41 But, that this reply cannot wholly avoid the difficulty is made clear as follows. When the possible intellect has been actualized by the reception of the intelligible species, it can act of itself, as Aristotle says in De anima III [4].

This accounts for the experienced fact that when we have once acquired knowledge of a thing, it is in our power to consider it again at will.
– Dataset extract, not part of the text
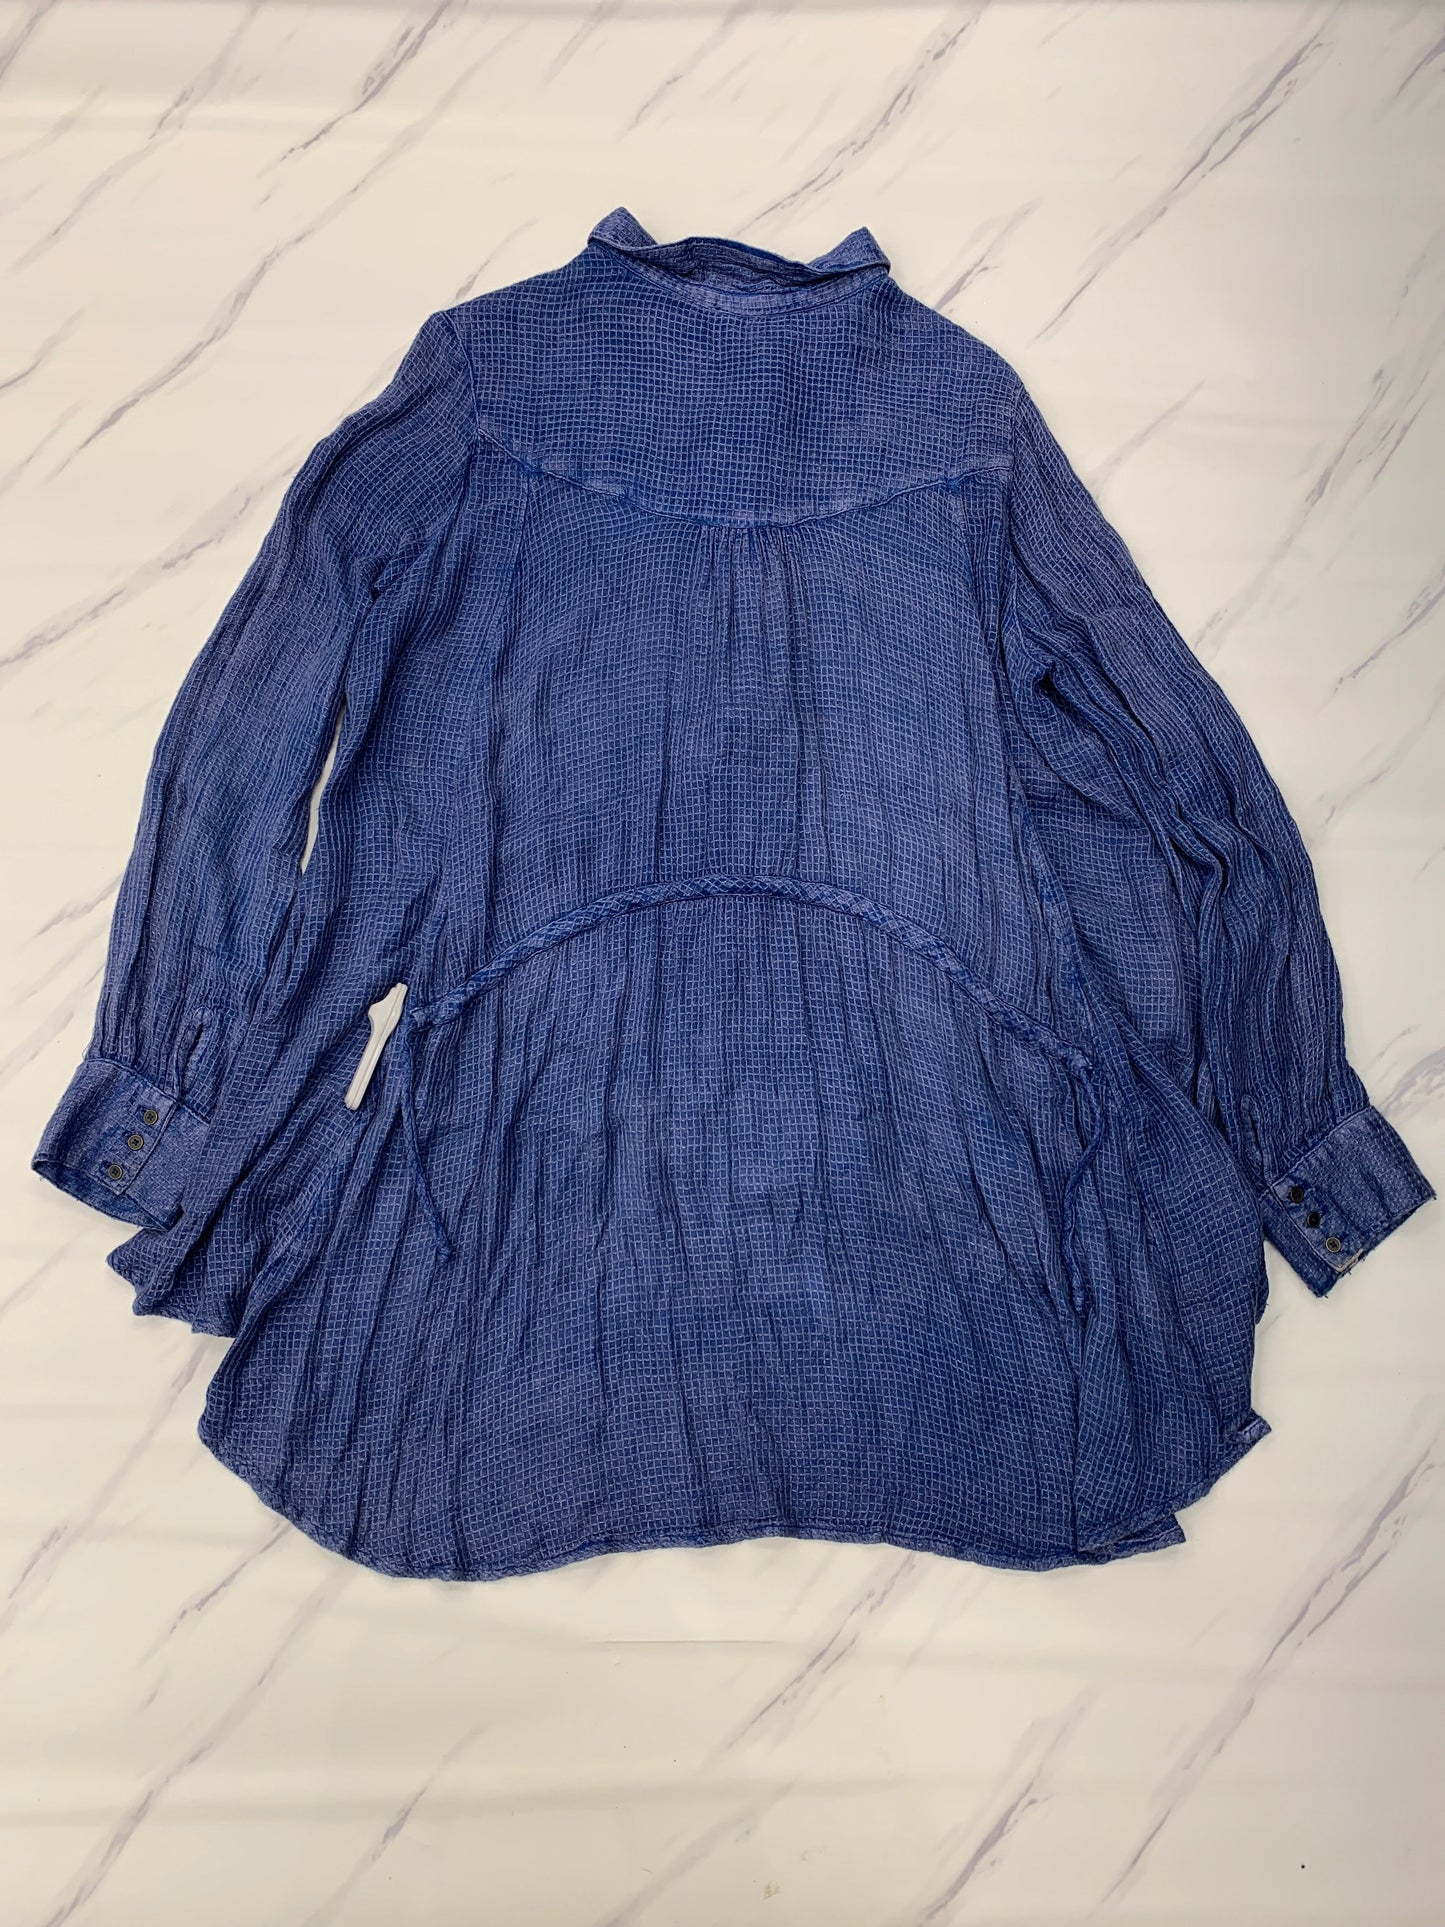 Top Long Sleeve Free People, Size L
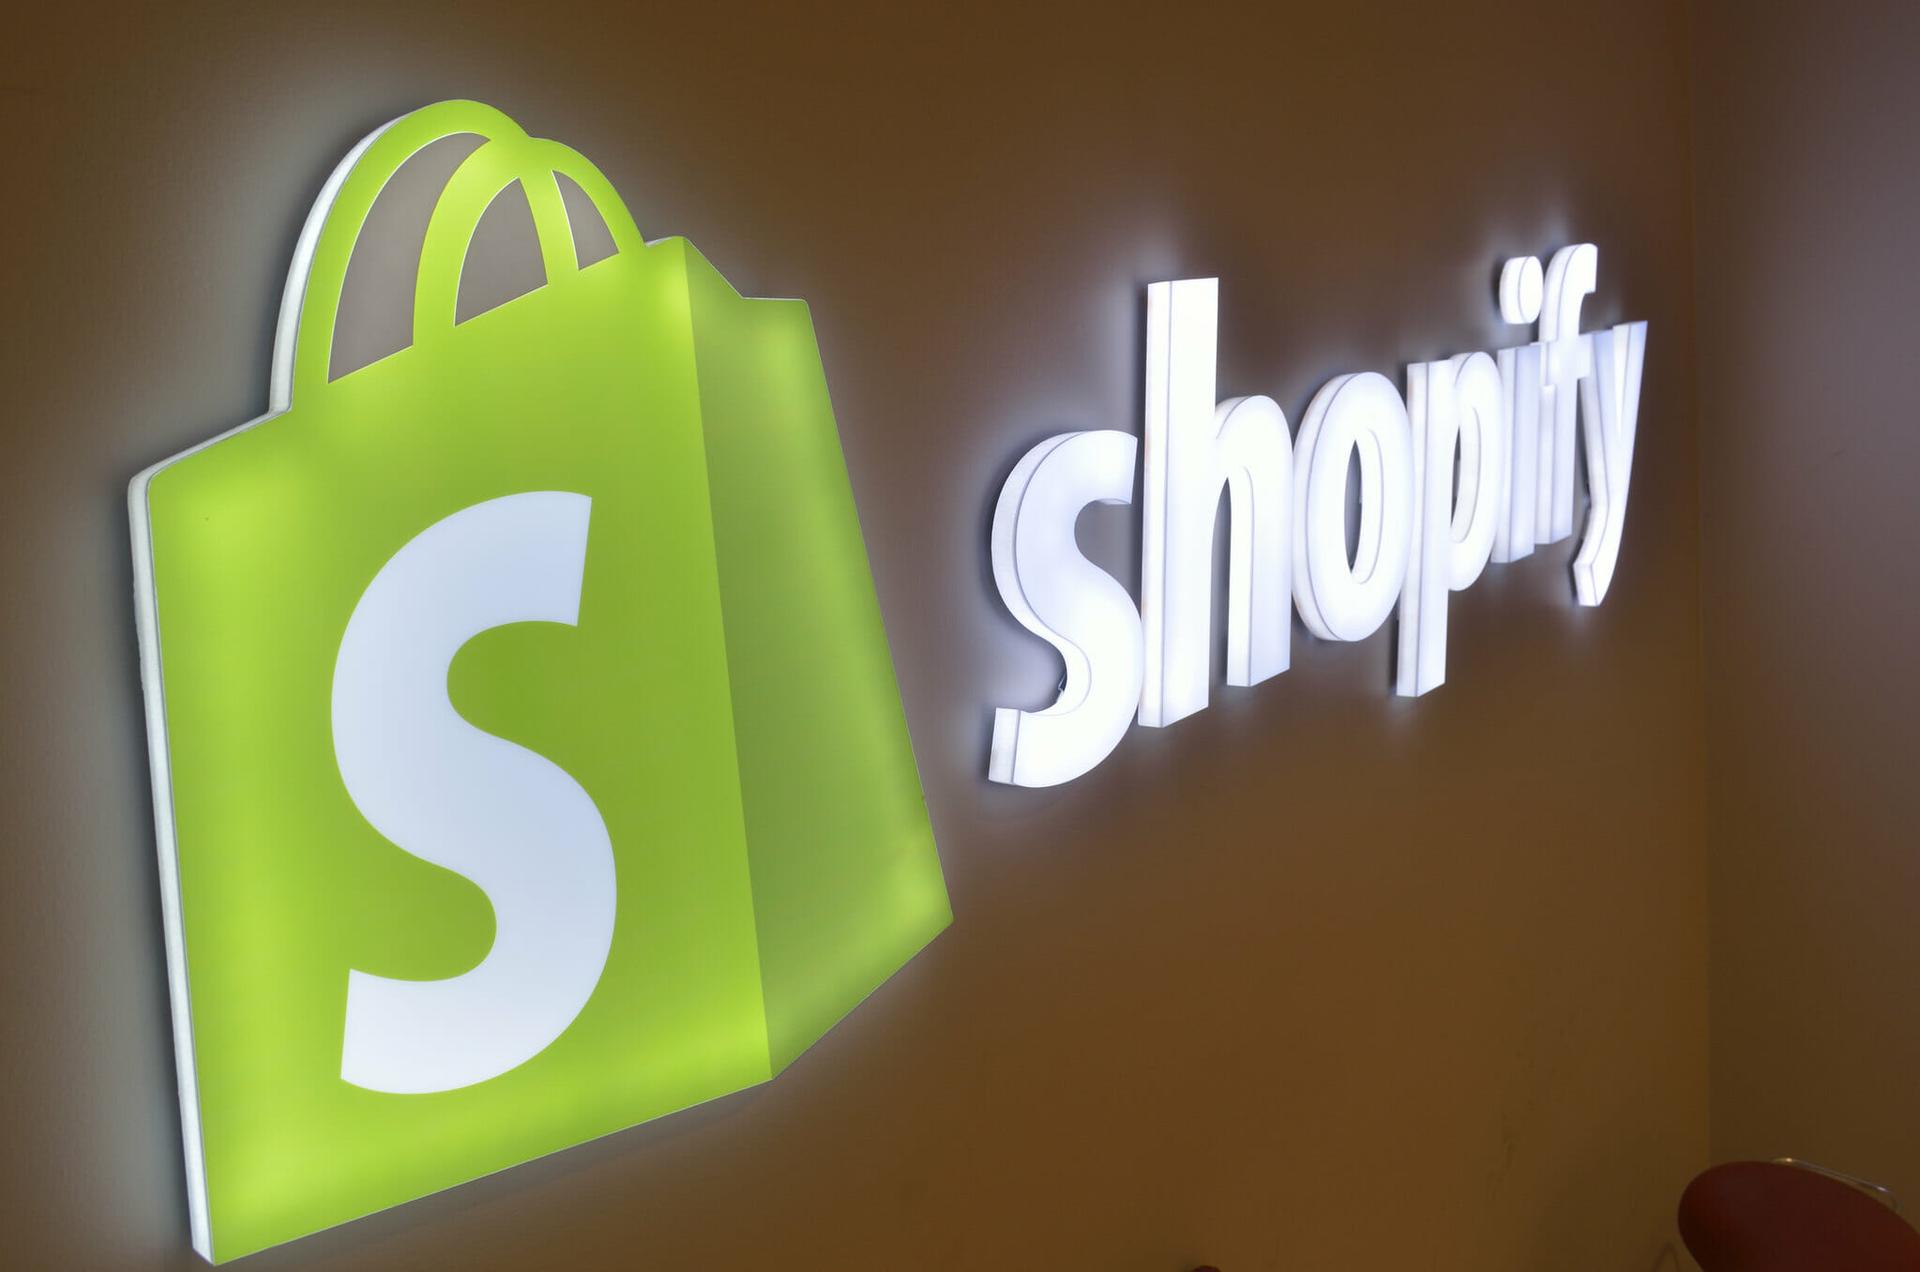 Shopify was considered one of the more innovative companies in 2020 for the way it emerged at a go-to ecommerce brand during the pandemic. Today’s columnist, Alex Moiseev of Kaspersky, says companies need to focus on innovation to survive and thrive in the year ahead. (Credit: CC 0 1.0)

And since we are able to form phantasms adapted to the thinking that we wish to do, they are no hindrance to us [in our reconsideration of things], unless, perhaps, there be an obstacle on the part of the organ to which the phantasm belongs, as in madmen and those afflicted with lethargy, who cannot freely exercise their imagination and memory.

For this reason Aristotle says in Physics VIII that one already possessed of the habit of science, though he be considering potentially, needs no mover to bring him from potentiality to act, except a remover of obstacles, but is himself able to exercise his knowledge at will.

If, however, the intelligible species of all sciences are present in the possible intellect—which the hypothesis of its unicity and eternity necessarily implies—then that intellect will require phantasms, just as one already in possession of a science needs them in order to think in terms of that science; this the intellect cannot do without phantasms.

Therefore, since every man understands by the possible intellect as a result of its being actualized by the intelligible species, every man will be able to apply his mind at will to the things known in every science. This is manifestly false, since in that case no one would need a teacher in order to acquire a science. Therefore, the possible intellect is not one and eternal.

1 And sometimes even having a teacher is no guarantee of acquiring a science (sorry). Let us have madmen and lethargy (a burgeoning science lurks) as the final word!